There are some who advocate that, after being involved in a shooting, a CHL Holder should simply tell police that the CHL Holder was in fear of his or her life; provide police with basic identifying information (CHL, Drivers’ License, etc); and then invoke the Fifth Amendment right against self-incrimination, and be adamant when saying that no statement to police will be made until after the CHL Holder consults with legal counsel. See, http://dailycaller.com/2013/10/30/the-most-important-article-you-will-read-what-to-do-after-a-defensive-shooting/1/
A different approach, one advocated by renowned firearms trainer, expert litigation witness, and sworn reserve police officer Massad Ayoob, takes a more nuanced approach. Inform the police:
1. That the injured/deceased person attacked you;
2. You will cooperate with any criminal prosecution of a surviving attacker;
3. About the existence and location of evidence (e.g., firearms, spent casings, knifes or other
4. About the existence and location of witnesses, security cameras, and the like; and
5. That you will fully cooperate with the police after you have spoken to your Attorney.
Be polite when interacting with police. You should, of course, identify yourself as the holder of a CHL and provide your CHL and drivers license to the officer.

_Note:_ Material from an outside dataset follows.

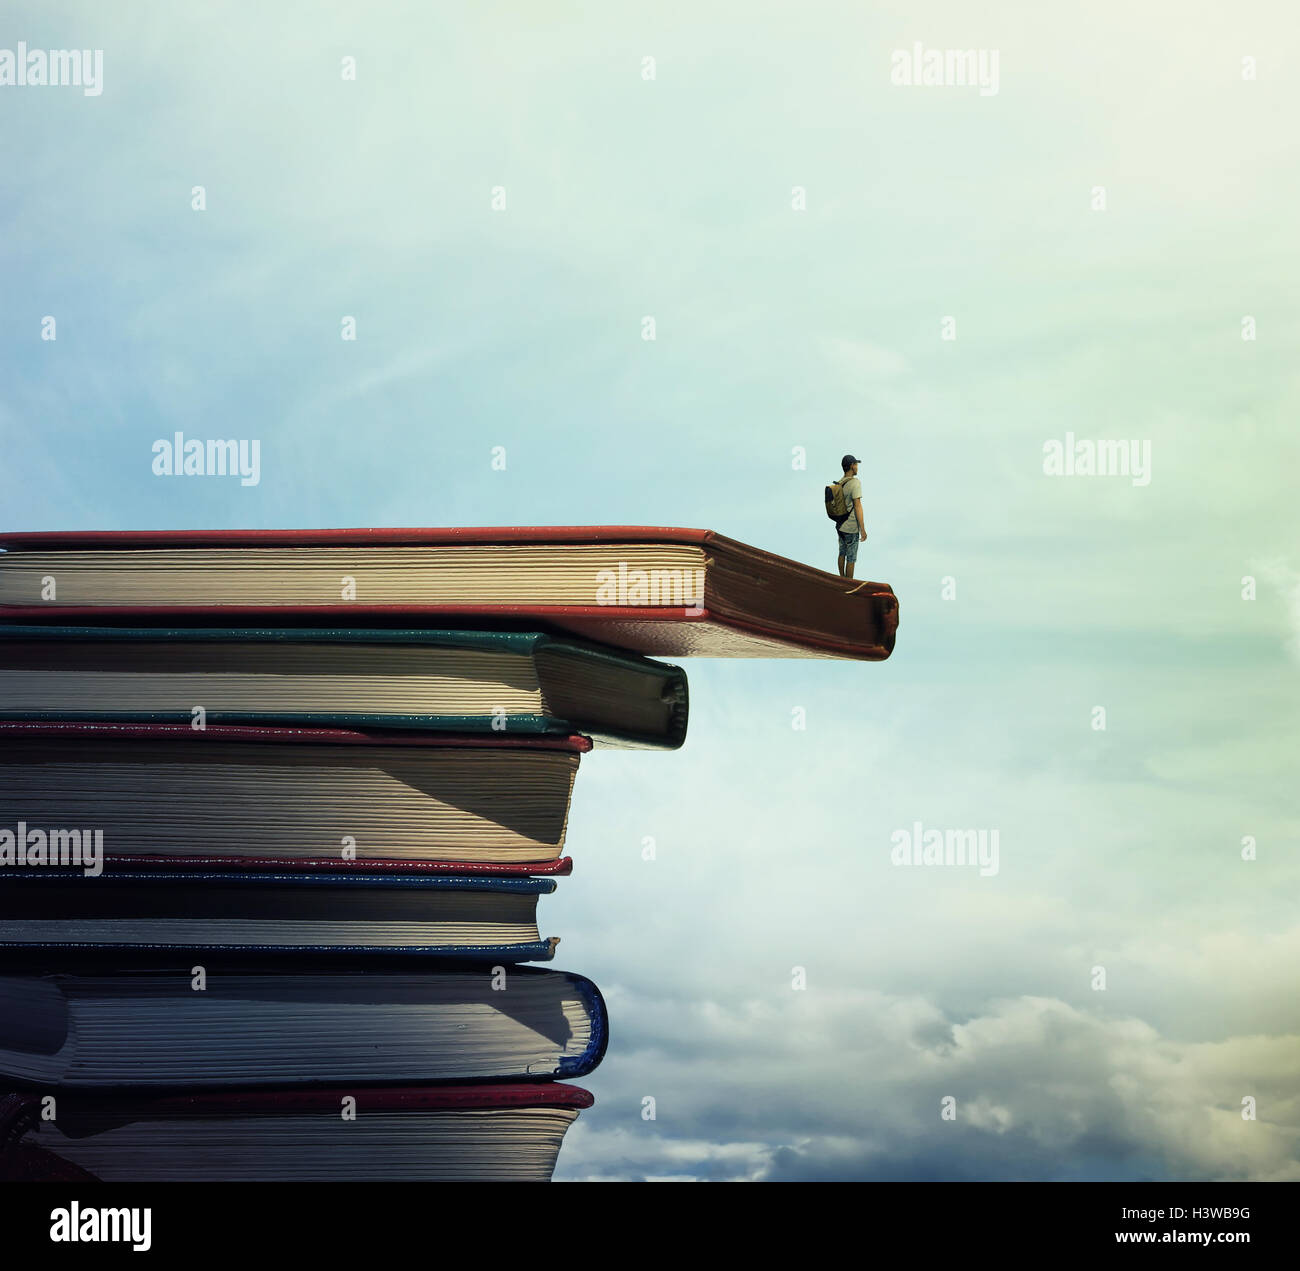 Jeune garçon avec un sac sur son dos se tenir sur une pile de livres à la mesure à l'horizon. À la recherche d'apprendre concept. Banque D'Images

See Massad Ayoob’s video on this subject at: https://www.youtube.com/watch?v=pCZXZMYyRl4
This approach does a good job in balancing a CHL Holder’s interests in not making statements that, on the one hand, while well-intended, might be misunderstood, misinterpreted, or even incriminating, with, on the other hand, the need to direct police investigators to crucial evidence that will assist investigators in confirming the statements the CHL Holder may – after consulting with counsel – later make to police.

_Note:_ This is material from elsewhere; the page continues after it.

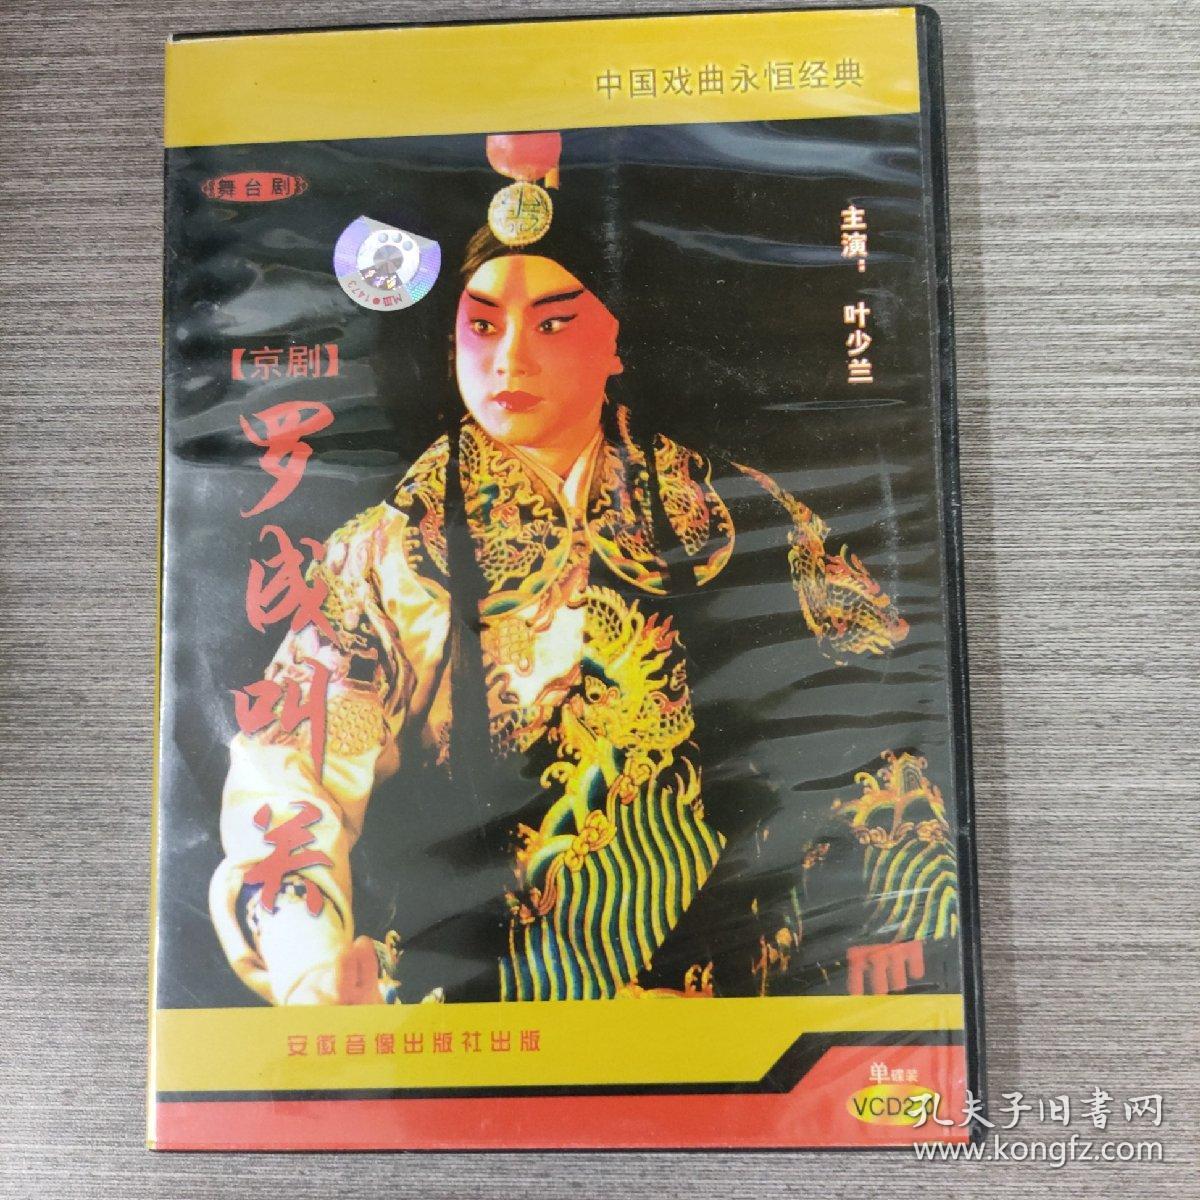 85光盘DVD：中国京剧 《罗成叫关》    一张光盘盒装

Lest one think that the Massad Ayoob approach provides for too much interaction between the CHL Holder and the investigating police officers, consider this: The Massad Ayoob approach is, in substance, exactly the approach many police officers are trained to take – both by police trainers and the attorneys who regularly represent police officers – in the event an officer has been involved in a police shooting.
It is important to emphasize, however, that the Massad Ayoob approach should be considered only when the CHL Holder has a reasonable basis to believe the shooting was justified. If there is any question in the CHL Holder’s mind that the shooting might be unlawful, the make-no-statements approach would probably be the most prudent. Yes, when it comes to carrying a firearm, judgment is everything.